Ptushko (1900-1973) made films that were rich in special effects -- some dazzling and colorful, others scary and ghoulish. His stories came from fairy tales, but unlike filmmakers who used folk tales to subtly criticize the Soviet system, Ptushko's films were straightforward: good was good, and evil was evil.

While Russians are familiar with Ptushko, Americans have had little access to his films. But last spring, the American Cinematheque in Los Angeles held a retrospective, and the Walter Reade Theater at Lincoln Center is presenting a five-film retrospective, ''Fantastika! The Films of Alexandr Ptushko,'' which runs until Tuesday.

The earliest film in the series, ''The New Gulliver'' (1935), was one of the first full-length animated features using puppets. Updating Jonathan Swift's satirical ''Gulliver's Travels'' to fit a Soviet context, Lilliput is a world where a silly and ineffectual king presides over a decadent bourgeois society while workers toil underground. One day Petya, an earnest young giant, arrives from another world to organize the workers toward a more glorious future. The parallels with the Russian Revolution are clear, but the film is witty, playful and imaginative enough to save it from being pure propaganda.

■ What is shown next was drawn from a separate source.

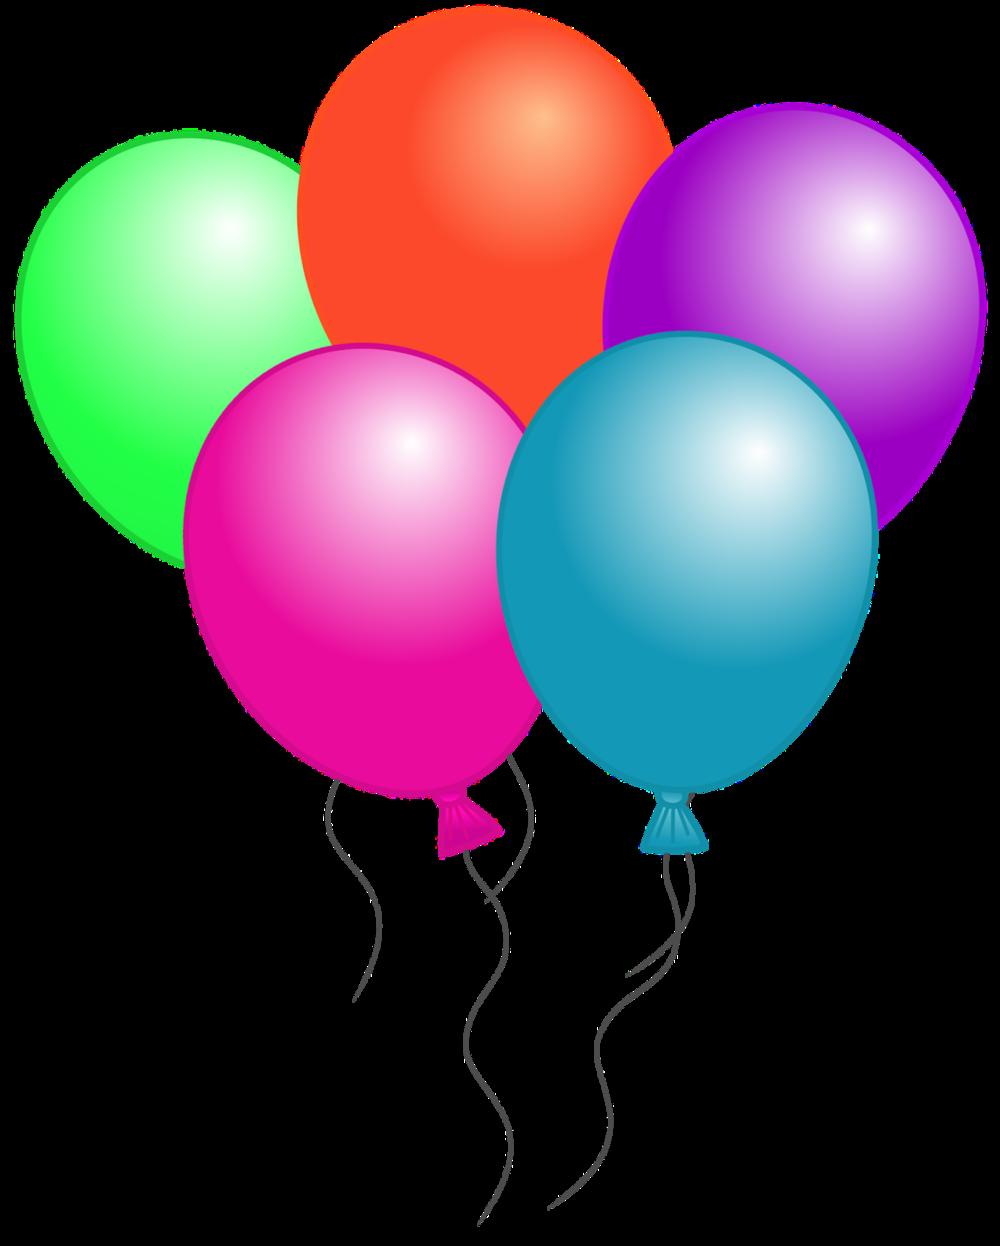 balloon-20clip-20art-Balloons1.png

Ptushko's tales were not restricted to Soviet ideals; he frequently turned to the pre-Soviet legends and fairy tales that helped define Russians as a people. Shortly after World War II he directed ''The Stone Flower'' (1946), set in the Ural Mountains. An apprentice stone carver with an artist's tormented soul is lured away to a dazzling and colorful world by a mystical queen. In the end, however, the riches of the land, the value of hard work and the simple life prevail.

In ''Sadko'' (1953), the title character, from the city of Novgorod, journeys to exotic, faraway lands seeking the Blue Bird of Happiness. Eventually, he discovers that there's no place like home.